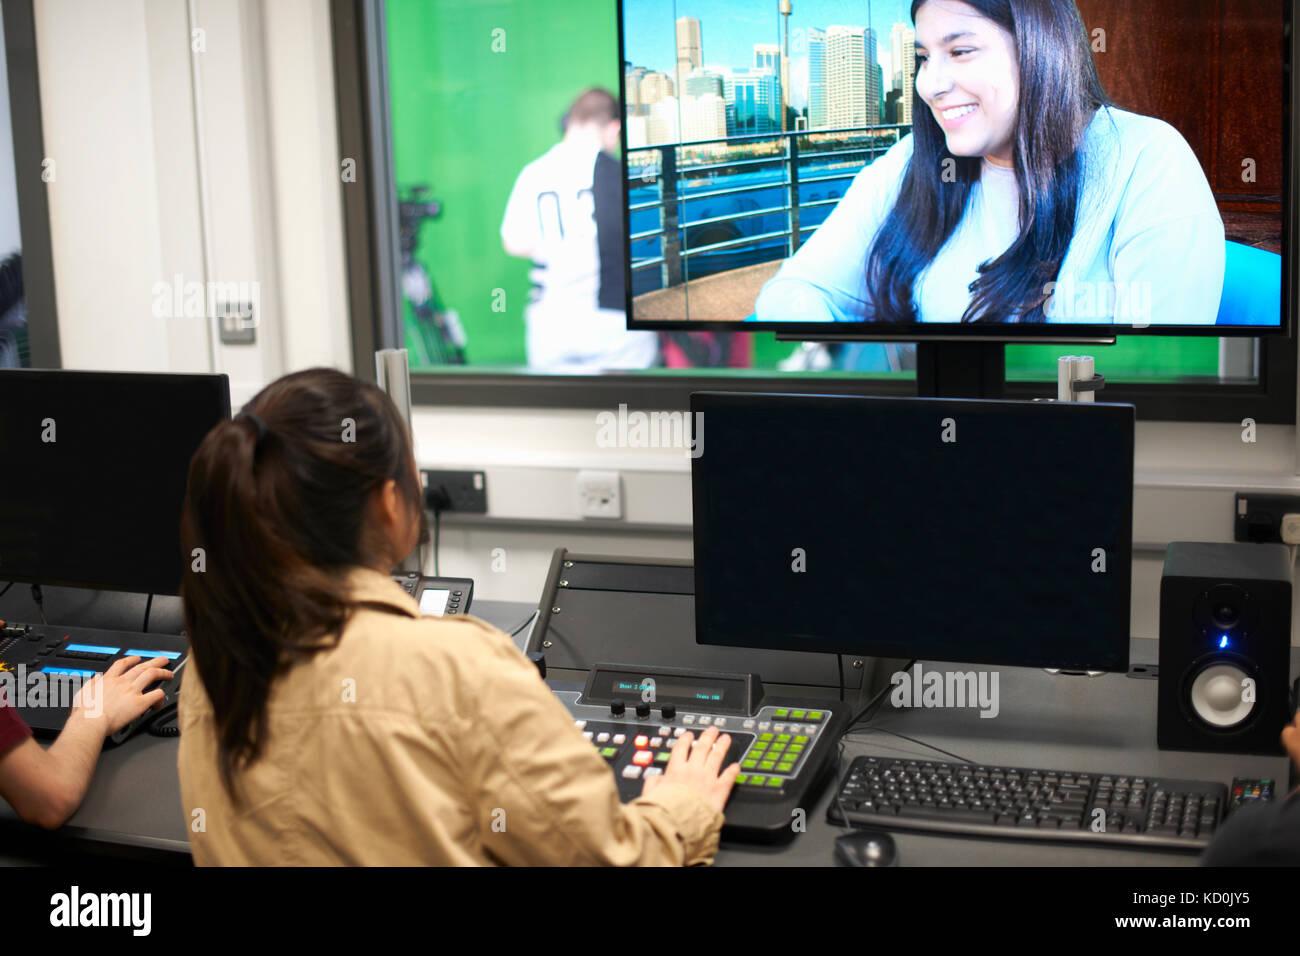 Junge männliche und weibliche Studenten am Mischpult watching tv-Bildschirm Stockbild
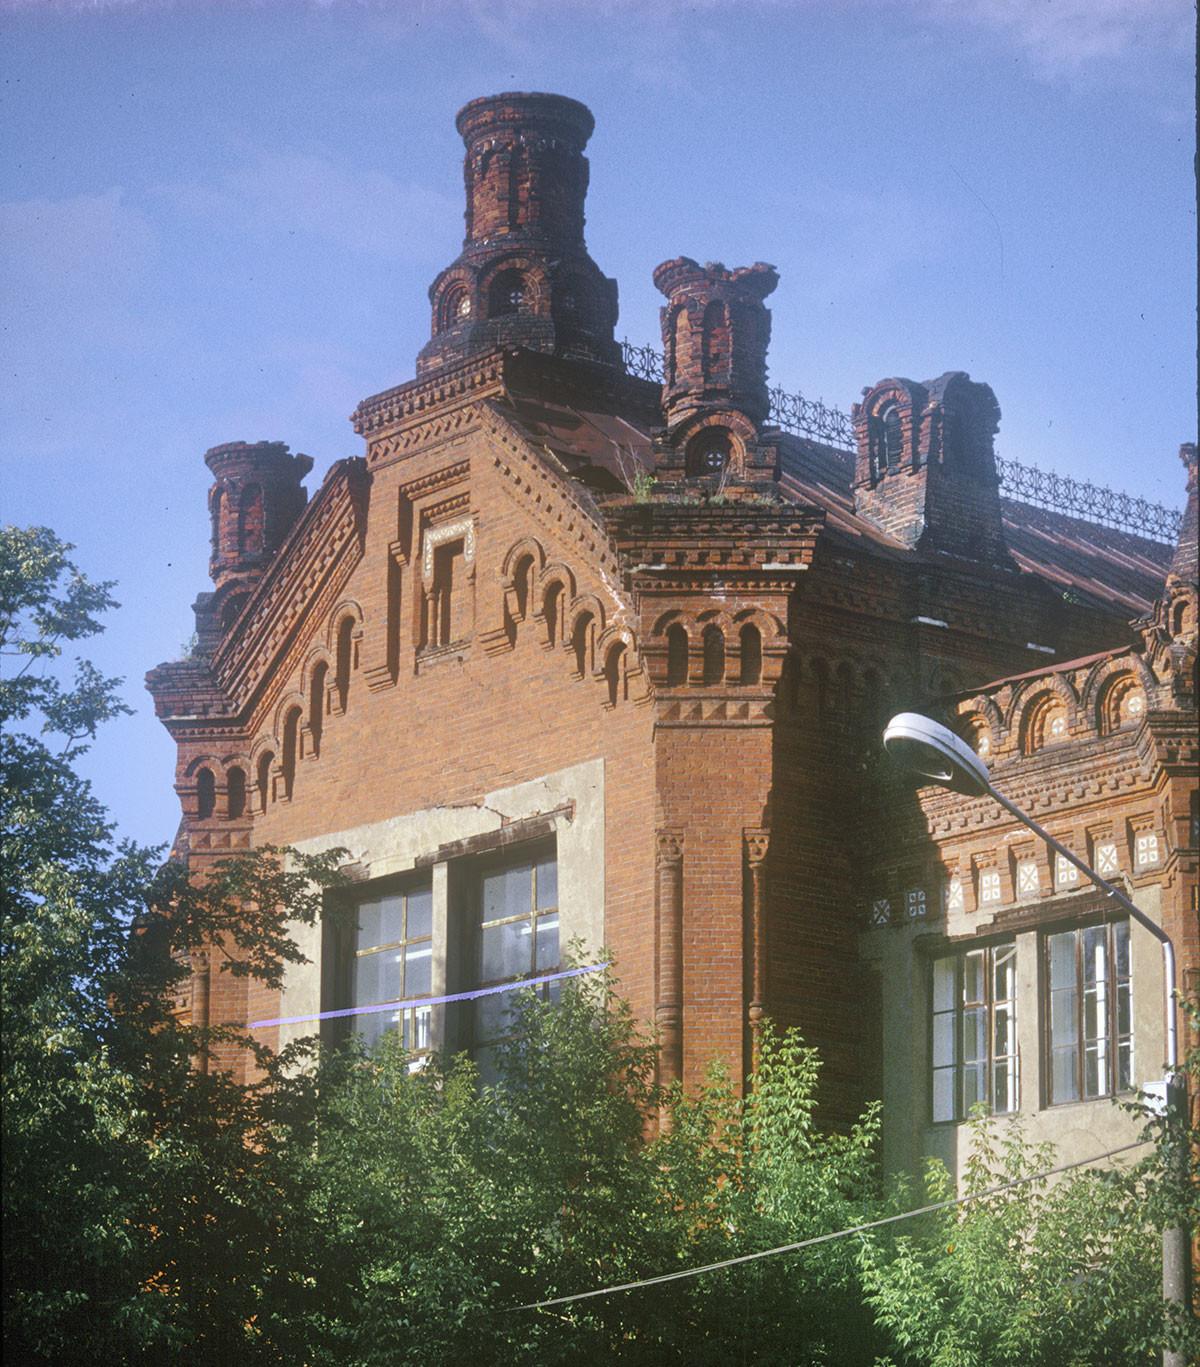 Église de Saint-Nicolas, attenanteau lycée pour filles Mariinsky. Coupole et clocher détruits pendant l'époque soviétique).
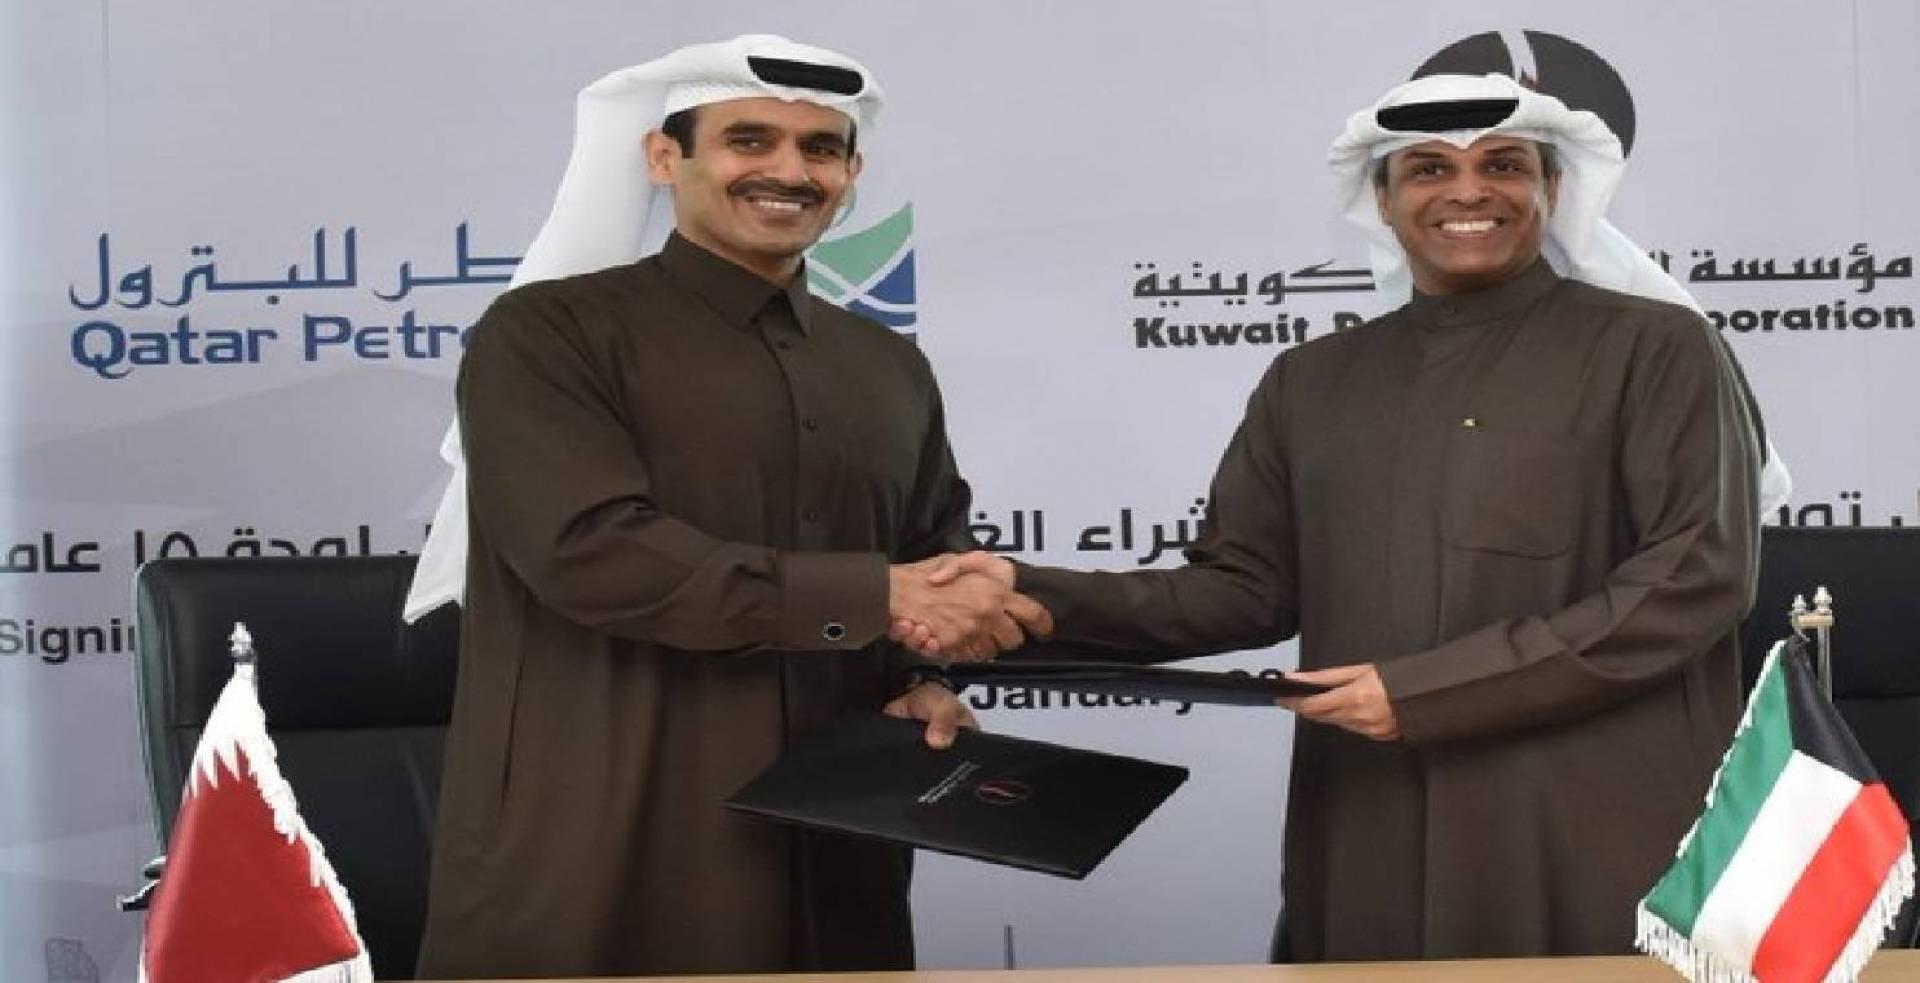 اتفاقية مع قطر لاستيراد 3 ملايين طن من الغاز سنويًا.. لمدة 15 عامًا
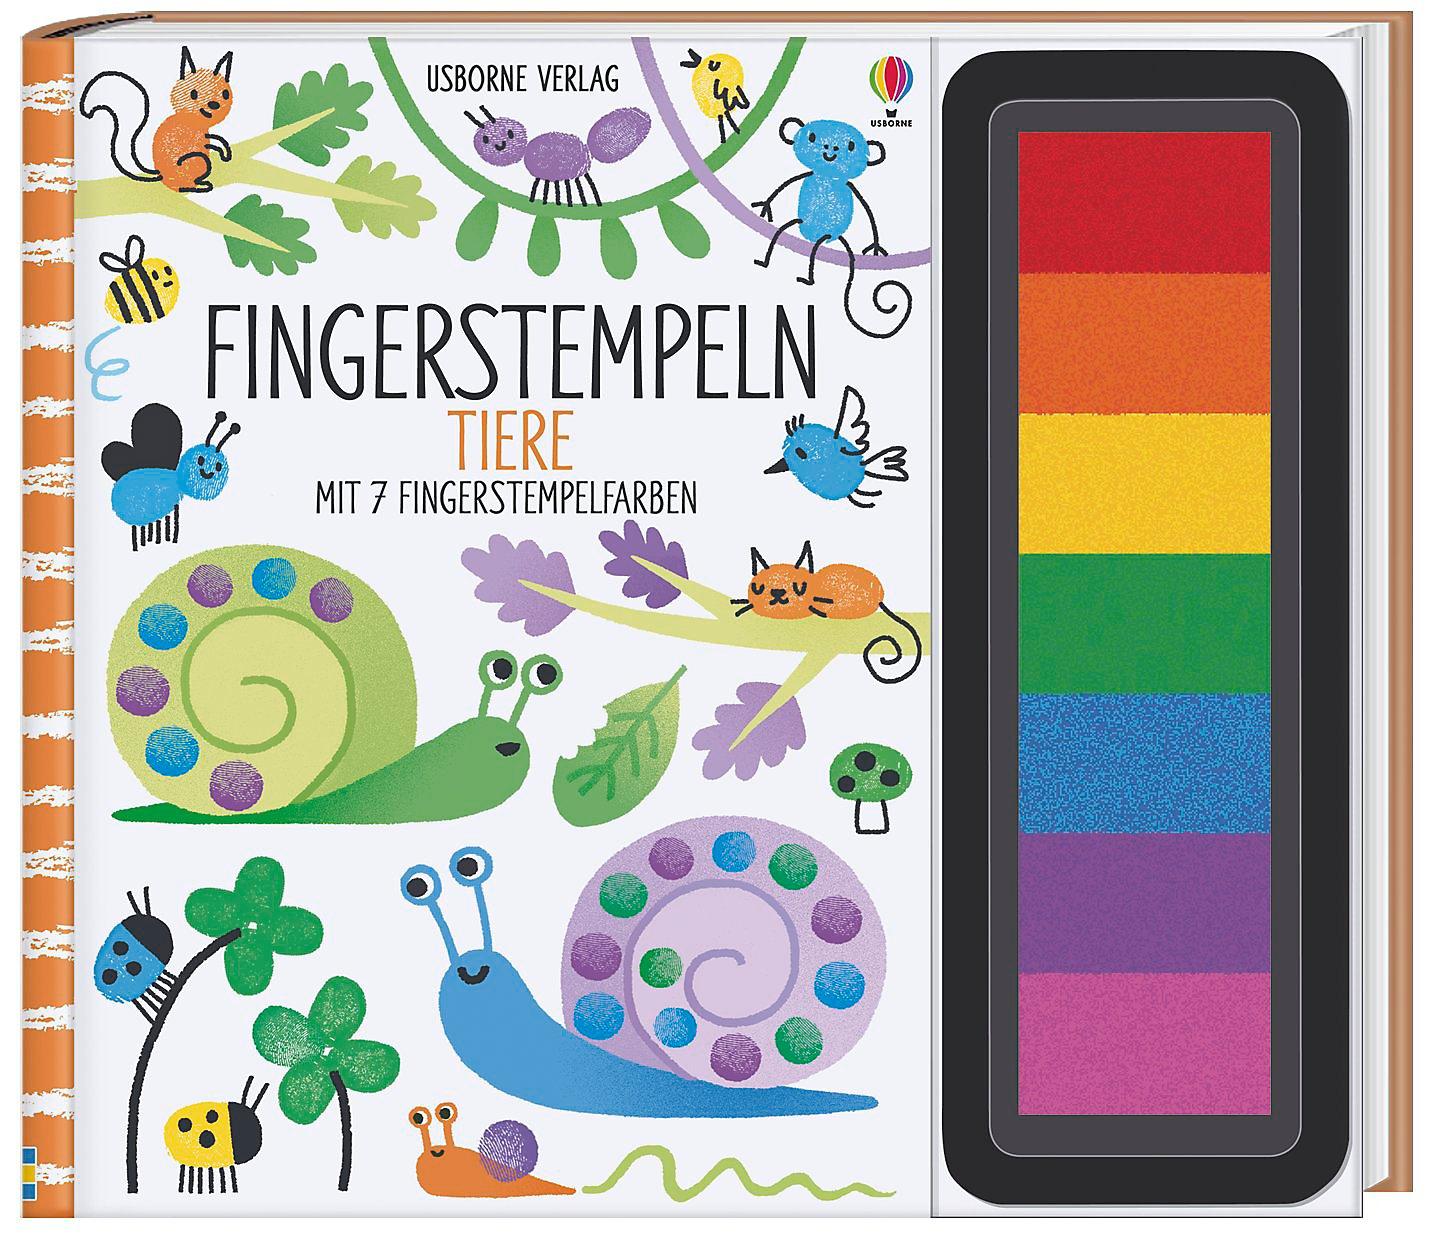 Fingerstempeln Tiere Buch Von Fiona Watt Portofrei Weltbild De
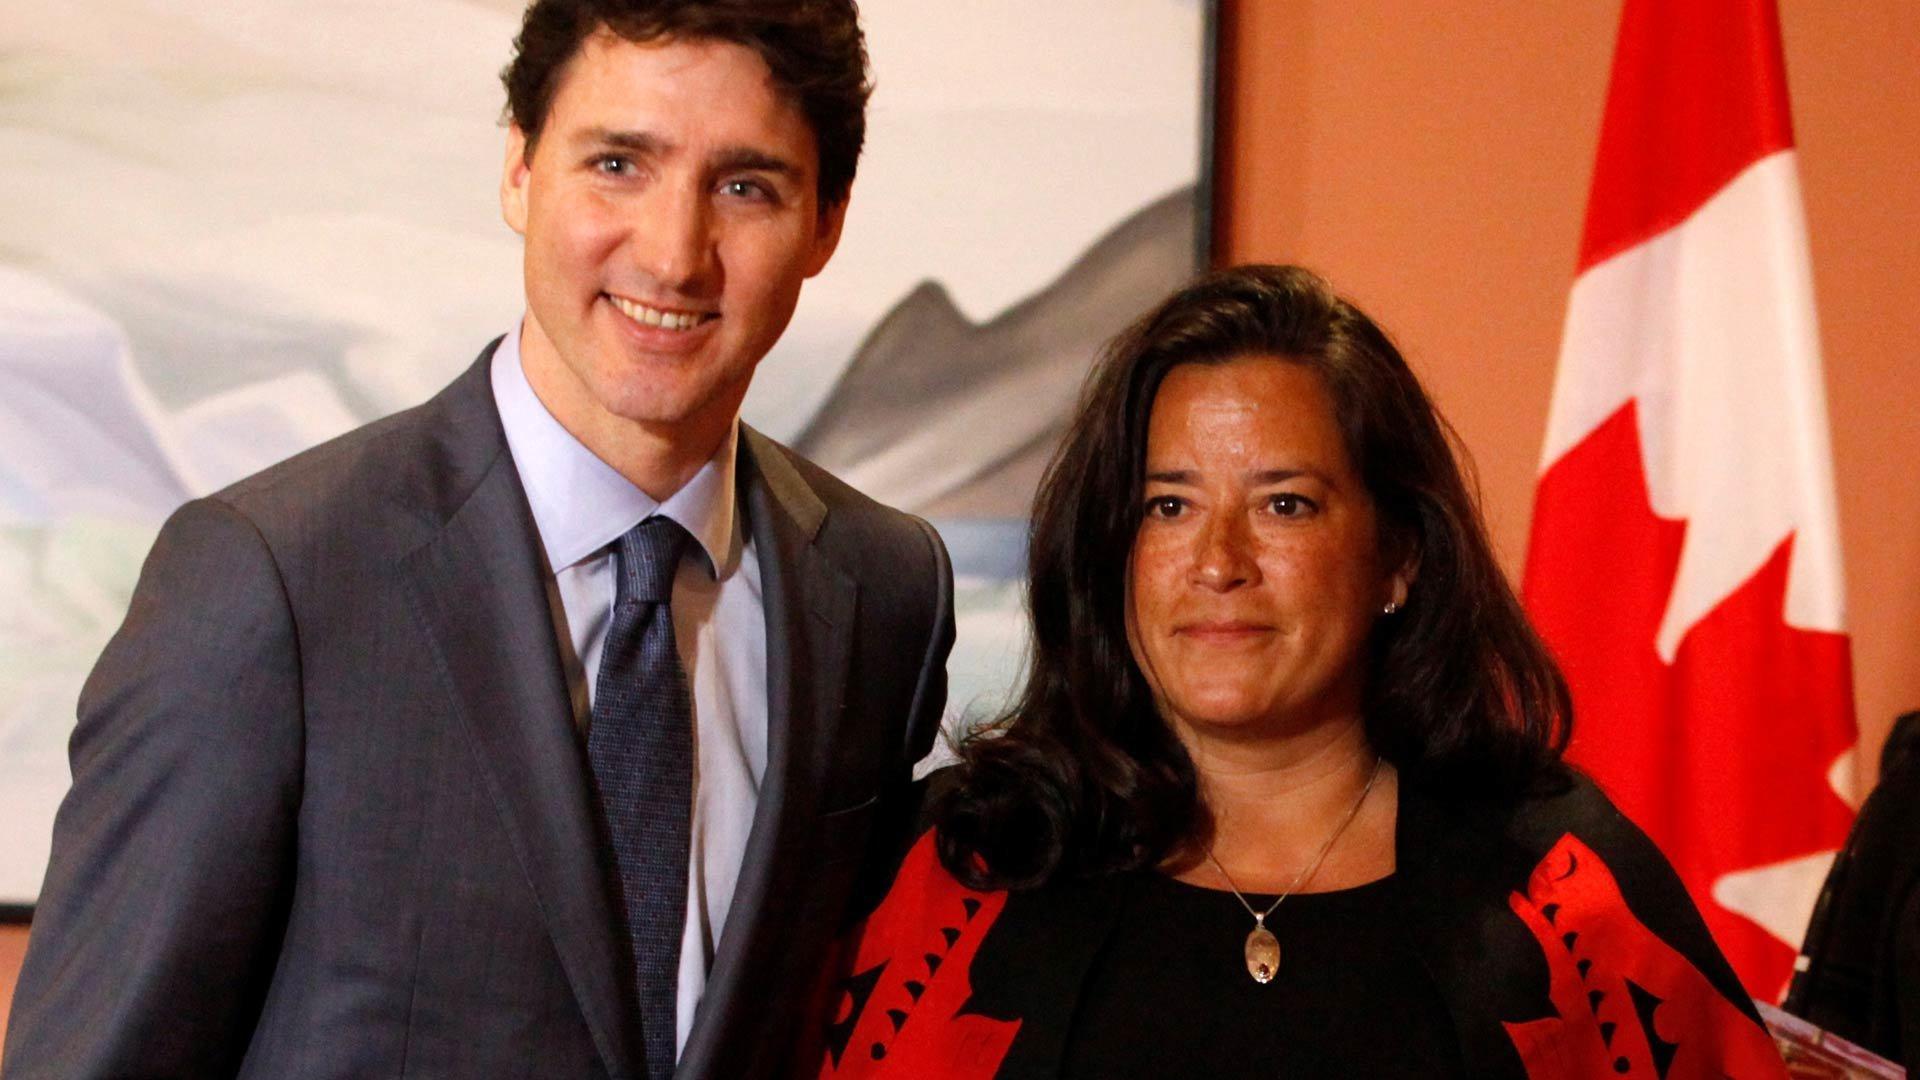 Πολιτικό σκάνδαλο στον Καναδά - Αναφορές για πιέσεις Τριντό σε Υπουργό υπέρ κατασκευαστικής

[TASK DESCRIPTION] Copy the whole of the material above exactly, and exclude every picture.

[ANSWER BOX]
 Junge männliche und weibliche Studenten am Mischpult watching tv-Bildschirm Stockbild
 Église de Saint-Nicolas, attenanteau lycée pour filles Mariinsky. Coupole et clocher détruits pendant l'époque soviétique).
 اتفاقية مع قطر لاستيراد 3 ملايين طن من الغاز سنويًا.. لمدة 15 عامًا
 Fingerstempeln Tiere Buch Von Fiona Watt Portofrei Weltbild De
 Πολιτικό σκάνδαλο στον Καναδά - Αναφορές για πιέσεις Τριντό σε Υπουργό υπέρ κατασκευαστικής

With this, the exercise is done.